Flowchart Walkthrough

First, let's pin down the algorithm using the Flowchart. Here's a step-by-step walkthrough:

Is it a graph?

• Yes: A binary tree is a special type of graph (specifically, it's a connected acyclic graph).

Is it a tree?

• Yes: The problem explicitly states we're working with a binary tree.

DFS?

• Not necessarily: While DFS could work for tree traversal, the problem specifically asks for level-by-level traversal (level order), which is a characteristic pattern of BFS. The requirement to process nodes level by level from left to right strongly suggests BFS over DFS.

Let's reconsider the path through the flowchart:

Is it a graph?

• Yes: Binary trees are graphs.

Is it a tree?

• No (for this specific traversal pattern): While it IS a tree structurally, the level-order traversal requirement doesn't follow the typical DFS pattern for trees. Level-order traversal is inherently about processing nodes by their distance from the root.

Is the problem related to directed acyclic graphs?

• No: This is about level-order traversal, not DAG-specific problems.

Is the problem related to shortest paths?

• No: We're not finding shortest paths, we're collecting all nodes by levels.

Does the problem involve connectivity?

• No: We're not checking if nodes are connected; we're traversing all nodes level by level.

Does the problem have small constraints?

• No: Tree size can be large (up to 2000 nodes typically in LeetCode).

BFS?

• Yes: BFS is the natural choice for level-order traversal as it processes nodes level by level using a queue.

Conclusion: The flowchart leads us to BFS (Breadth-First Search) for this problem. BFS is perfect for level-order traversal because it naturally processes all nodes at distance k from the root before processing nodes at distance k+1, which is exactly what we need for collecting nodes level by level. The final reversal step (ans[::-1]) transforms the top-down level order into the required bottom-up format.

Intuition

When we need to traverse a binary tree level by level, BFS immediately comes to mind because of its natural property: it explores all nodes at the current distance from the source before moving to nodes at the next distance. This is exactly what level-order traversal requires.

Think of BFS like ripples in water - when you drop a stone, the ripples expand outward uniformly, reaching all points at the same distance before moving further out. Similarly, BFS uses a queue to process all nodes at level 0 (the root), then all nodes at level 1, then level 2, and so on.

The key insight for this problem is recognizing that we need two things:

1. Level-by-level processing: We need to know which nodes belong to the same level
2. Bottom-up ordering: We need the deepest level first

For the first requirement, we use a clever technique with the queue. At the start of processing each level, we record the current queue size - this tells us exactly how many nodes belong to the current level. We then process exactly that many nodes, collecting their values and adding their children to the queue for the next level.

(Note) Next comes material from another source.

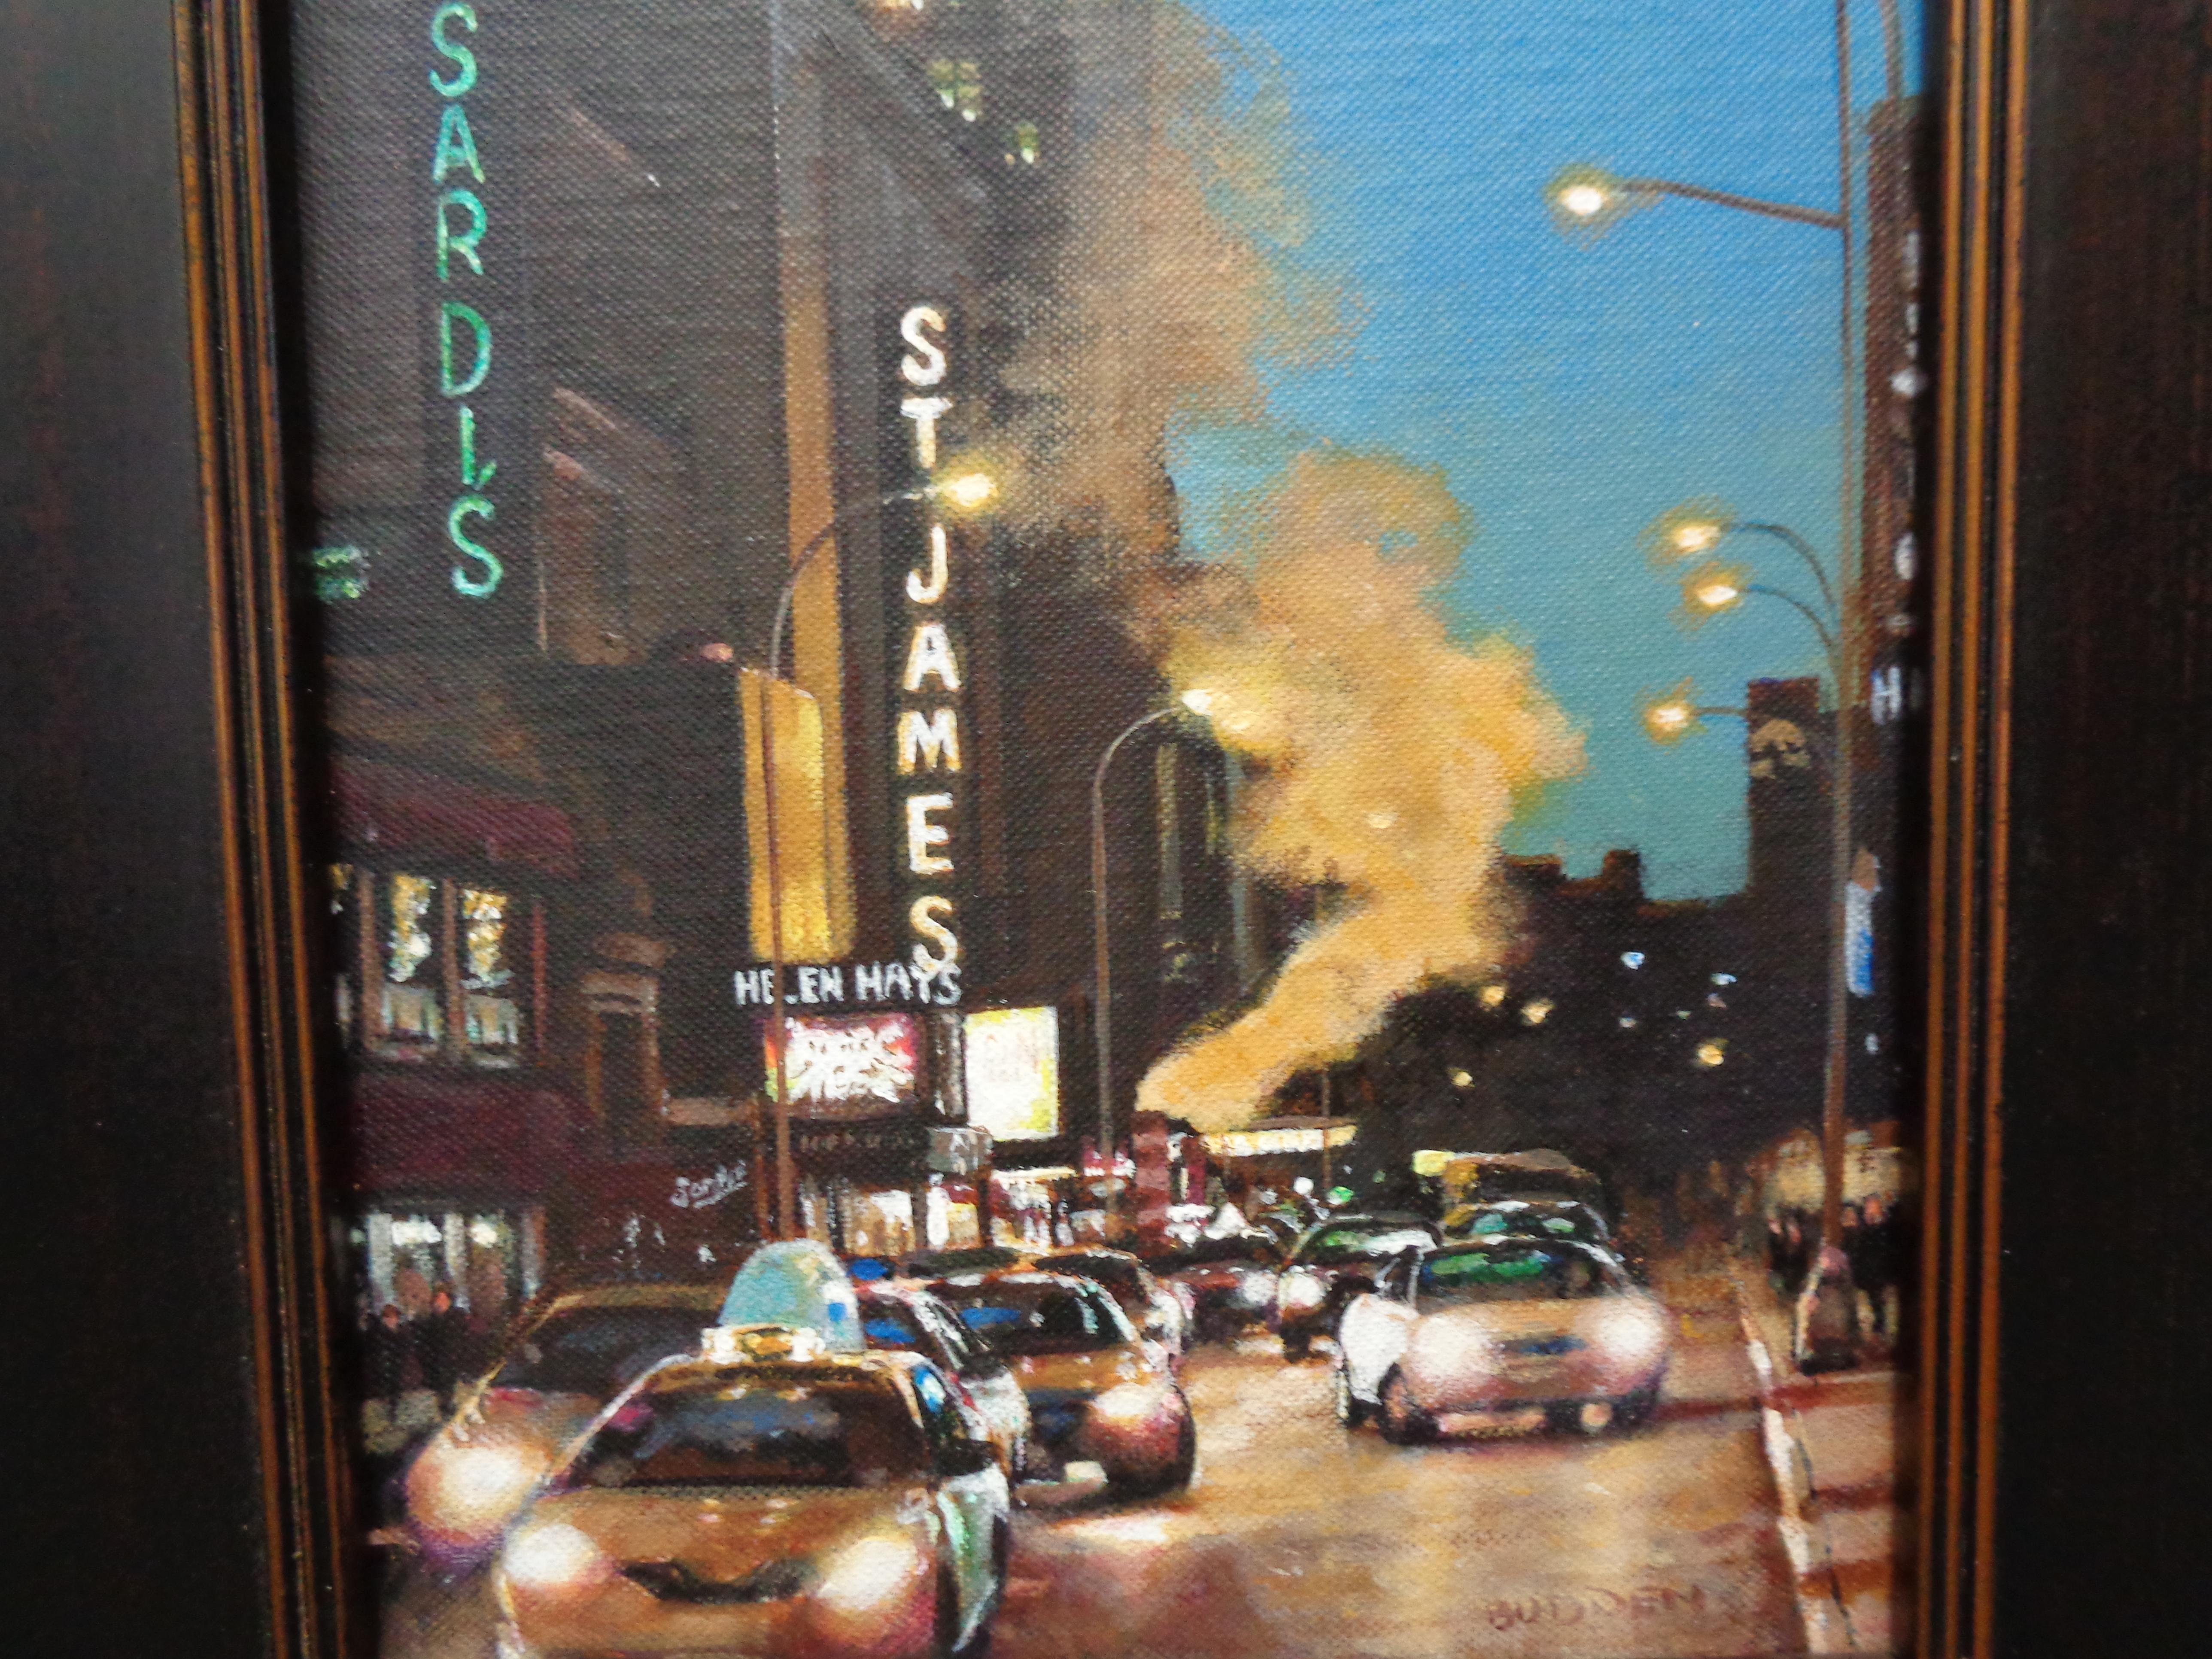  New York City Painting Michael Budden Evening On Broadway St James & Sardis For Sale 2

For the second requirement, we have a simple observation: if we collect levels in the normal top-down order (root to leaves), we can simply reverse the entire result at the end to get bottom-up order. This is much simpler than trying to insert levels at the beginning of our result list (which would be inefficient) or calculating the tree height first.

The pattern for _ in range(len(q)) is the crucial part - it ensures we process exactly one level at a time, maintaining the level boundaries even as we're adding new nodes (children) to the queue. This way, we naturally separate nodes by their levels without needing any additional data structures or depth tracking.

Solution Approach

The solution implements BFS using a queue data structure (deque) to achieve level-order traversal. Here's how the algorithm works step by step:

Initial Setup:

• Create an empty result list ans to store each level's values
• Handle the edge case: if the root is None, return the empty list immediately
• Initialize a queue with the root node: q = deque([root])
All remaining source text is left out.